The discussion in the room was interesting; here are some random notes that may provide food for thought as you’re thinking about reference in the 21st Century:

  • Social media may be better for connecting with peers than patrons; do patrons want their library in their Facebook space?
  • Successes in library physical spaces come from being proactive in reaching out to students
  • Virtual reference, why not do more of it? Perhaps even with remote librarians staffing reference desks from their offices, and using cameras and chat software to interact with patrons.
  • Caution advised in using technology just because it’s available
  • Can library infrastructure (including databases, catalogs, etc.) be crammed into the newest technologies? Should it be?
  • When, if ever, is it preferable to refer a subject-specific question to a person, rather than a source?

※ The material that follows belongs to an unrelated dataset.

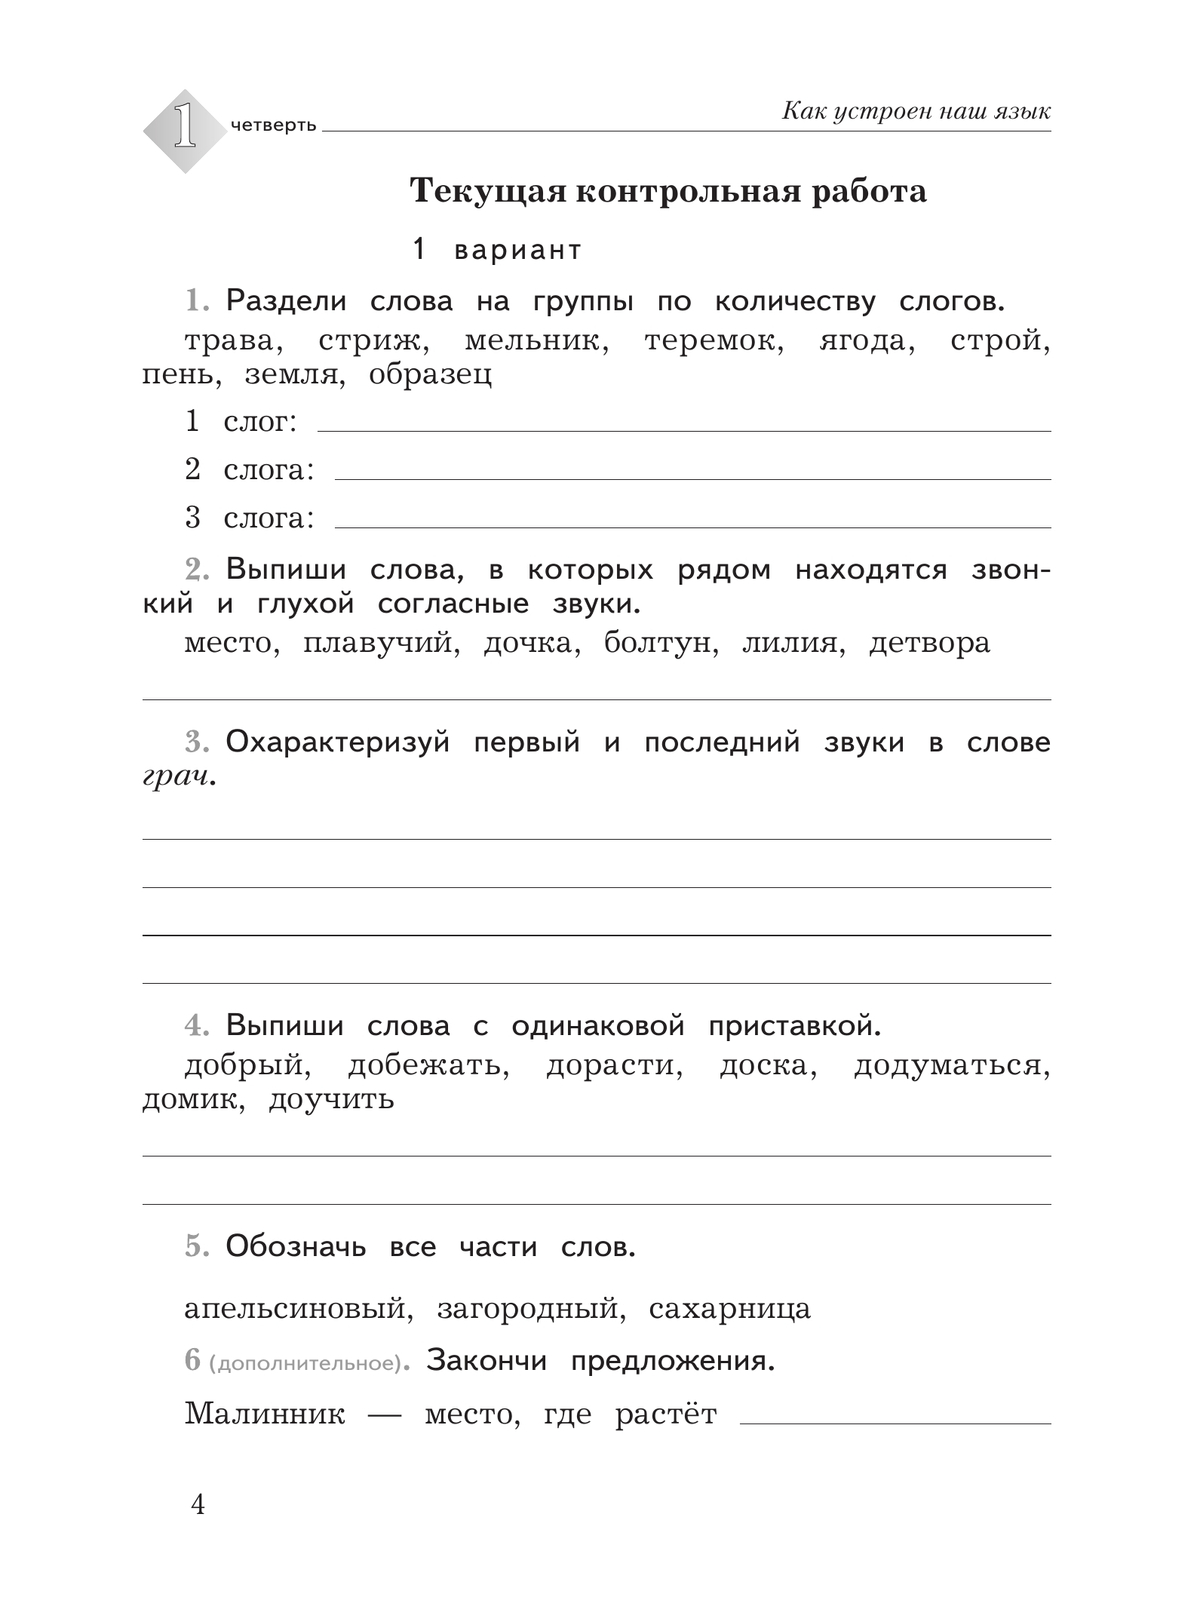 Русский язык. 3 класс. Тетрадь для контрольных работ 2

Here’s a scenario the session got me thinking about: What if whenever a patron visited your library’s website, an automatic chat message would pop up after they’ve been there for 45 seconds, asking if they were finding what they were looking for? If they needed help, they could be connected to a librarian. This would be a proactive outreach to a person at their point of need, hopefully reaching them before a moment of frustration and allowing us to efficiently guide them to an answer. Have you heard of any libraries that have tried something like this?

And we’d also like to know if you can see implementing any of Abrams’ scenarios in your library. Have you already done so? Let us know by dropping a note below.


The automated chat message is an interesting idea, but it would have to designed so that pop-up blockers wouldn't automatically block it. Would staff whose computers have the library web site set as their home page in their browsers mind this feature? Maybe not.

In 2001-2002, my library used HumanClick software for chat reference. That software allowed us to monitor specific web pages within the HumanClick "operator" (librarian) interface and see if anyone was lingering on a page. The librarian could manually send a "need help" icon that would float back and forth the screen. That did yield some chat sessions but I am not sure how many folks we scared the crap out of with that technology. The downside of the technology was that it slowed the loading of the pages that we monitored. If the HumanClick service was down, then the pages we were monitoring couldn't load at all.

HumanClick was long ago acquired by LivePerson, which is still around and used by a number of libraries. I am not sure if LivePerson still has that monitoring functionality.

Hi Stephen, thanks for the note! Regarding the pop-up chat Thing, you’re right: high-volume users of the site would likely be frustrated by the constant pestering. Perhaps the Thing could have a button marked “never ask me again” that’d deposit a cookie or something… And maybe the Thing could be flash-based, to get around the pop-up blocker piece, although not all users have the latest flash viewers… Huh. Whoever said the devil’s in the details was a total genius. HumanClick/LivePerson sounds interesting; I’ll have to look into that. Has anyone else out there had experience using this chat software? Does it still allow for monitoring user sessions live?